Esse mito obviamente está relacionado à precedente acusação de hedonismo, e parte dela pode ser respondida da mesma maneira.  De fato existem libertários, principalmente economistas da escola de Chicago, que se recusam a acreditar que a liberdade e os direitos individuais sejam princípios morais, e que, ao invés disso, tentam defender políticas públicas por meio de uma ponderação entre supostos custos e benefícios sociais.

Em primeiro lugar, a maioria dos libertários é “subjetivista” em termos econômicos, isto é, eles creem que as utilidades e os custos que cada bem gera para diferentes indivíduos não podem ser adicionados ou mensurados – como faz a economia neoclássica.  Assim, o próprio conceito de custos e benefícios sociais é ilegítimo.  Mas, ainda mais importante, a maioria dos libertários baseia seus argumentos em princípios morais, na crença de que cada indivíduo possui direitos naturais sobre sua pessoa e sobre sua propriedade honestamente adquirida.  Eles, portanto, acreditam na absoluta imoralidade da violência agressiva e na absoluta imoralidade do ataque a esses direitos naturais ao próprio corpo ou à propriedade, independentemente de qual pessoa ou grupo cometa tal violência.

Longe de serem imorais, os libertários simplesmente aplicam uma ética humana universal ao governo da mesma forma que quase todos os indivíduos aplicariam tal ética para todas as outras pessoas ou instituições da sociedade.  Em particular, como já observei anteriormente, o libertarianismo, como uma filosofia política que lida com o papel adequado da violência, utiliza a mesma ética universal que a maioria de nós adota em relação à violência e a aplica destemida e indistintamente para o governo.

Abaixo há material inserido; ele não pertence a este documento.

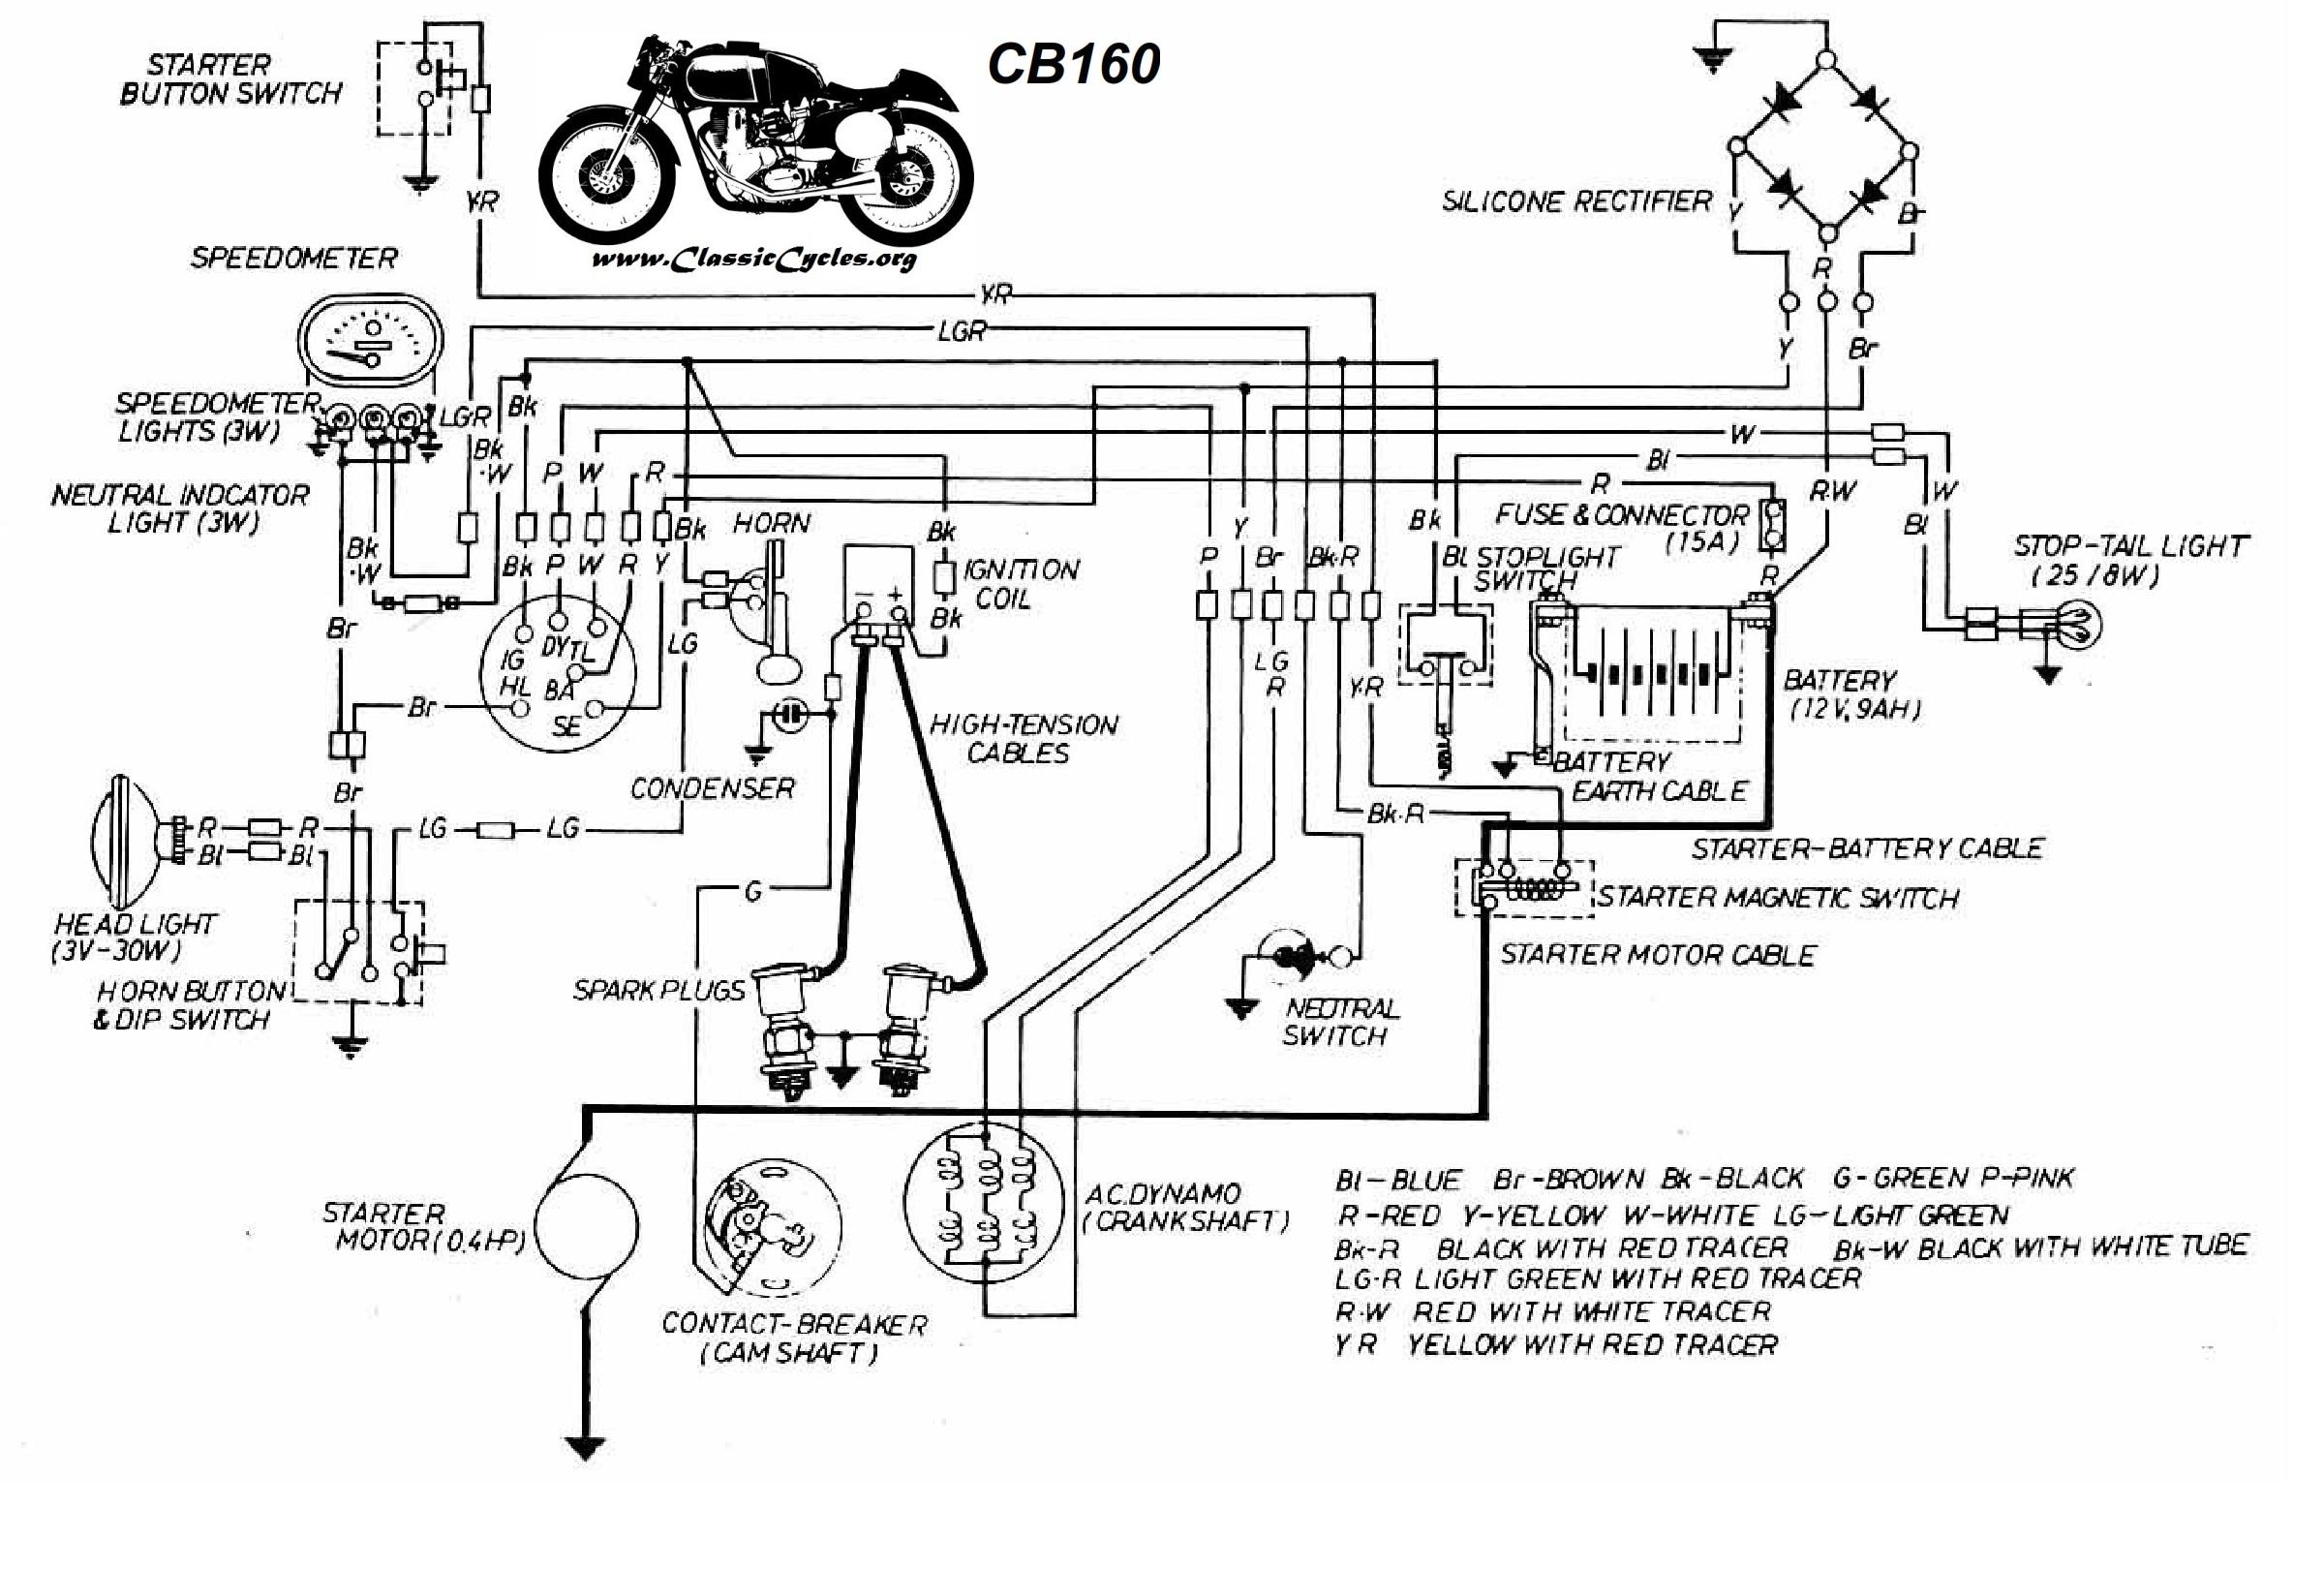 Diagram Simple Motorcycle Wiring Diagram Vintage Race

Assim, longe de serem indiferentes ou hostis aos princípios morais, os libertários são o único grupo disposto a estender esses princípios uniformemente para o próprio governo.[3]

É verdade que os libertários permitiriam que cada indivíduo escolhesse seus valores e agissem de acordo com eles, e consentiriam a cada pessoa o direito de ser moral ou imoral como ela quisesse.  O libertarianismo se opõe ferrenhamente à imposição de qualquer credo moral sobre qualquer pessoa ou grupo pelo uso da violência – exceto, é claro, a proibição moral contra a violência agressiva.  Mas deve ser entendido que nenhuma ação pode ser considerada virtuosa a menos que ela seja empreendida livremente, de acordo com o consentimento voluntário do indivíduo.

Como disse Frank Meyer:

Os homens não podem ser forçados a ser livres, e tampouco podem ser forçados a serem virtuosos.  Até um certo ponto, é verdade, eles podem ser forçados a agir como se fossem virtuosos.  Mas virtude é o fruto da liberdade bem usada.  E nenhum ato que seja em parte coagido pode partilhar de virtude – ou de vício.[4]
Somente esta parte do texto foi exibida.